Handle external URL references in archives to enable offline use in Kolibri #233

@ivanistheone

Description

@ivanistheone

Description

Archive-based content types (H5P, HTML5 zip, IMSCP) may contain references to external URLs — images, videos, fonts, stylesheets, scripts — that won't be available in offline Kolibri deployments.
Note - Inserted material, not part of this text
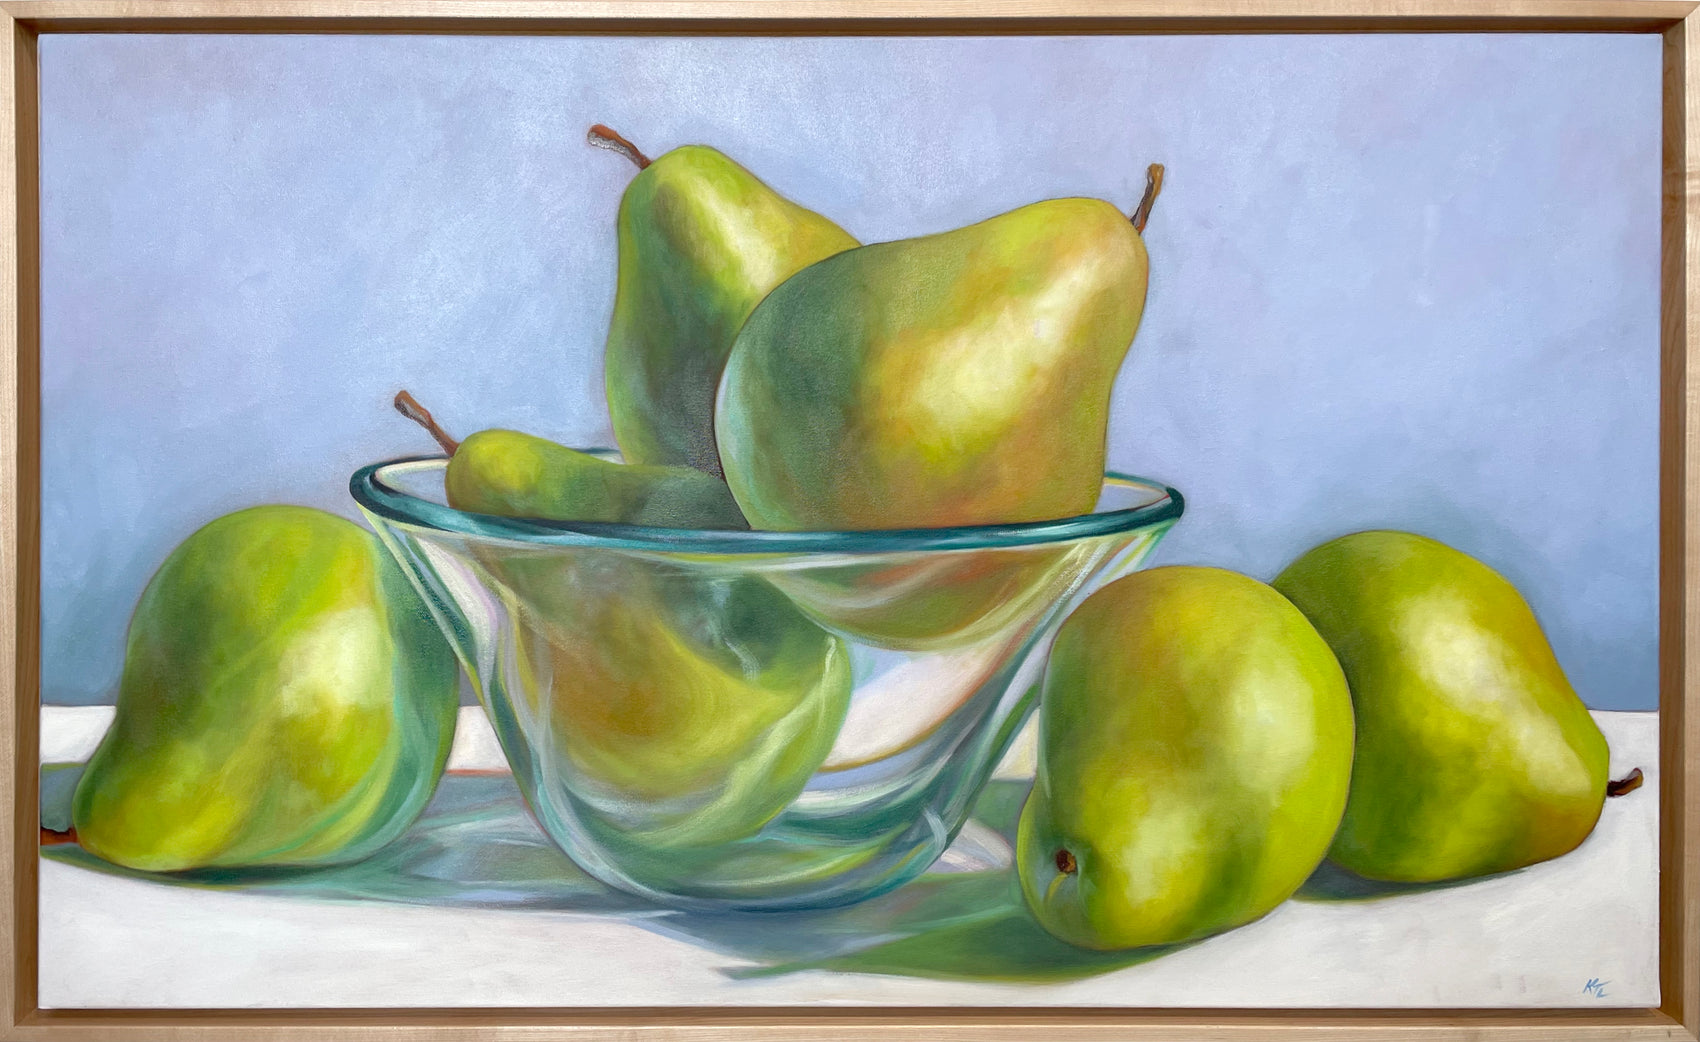 Pears in Glass Bowl

The pipeline conversion handlers need to scan archive contents for these references, download the resources, bundle them into the archive, and rewrite the references to point to the local copies.

Context

Existing logic in downloader.py

We already have most of this URL extraction and rewriting logic in downloader.py. download_static_assets() and its inner functions extract URLs from:

  • HTML attributes: img[src], link[href], script[src], source[src], img[srcset], [style*="background-image"]
  • CSS: url() references for fonts, images, etc.
  • Recursive resource following (CSS that references fonts, etc.)

And ArchiveDownloader downloads pages with all their resources, rewrites paths, and creates ZIP archives.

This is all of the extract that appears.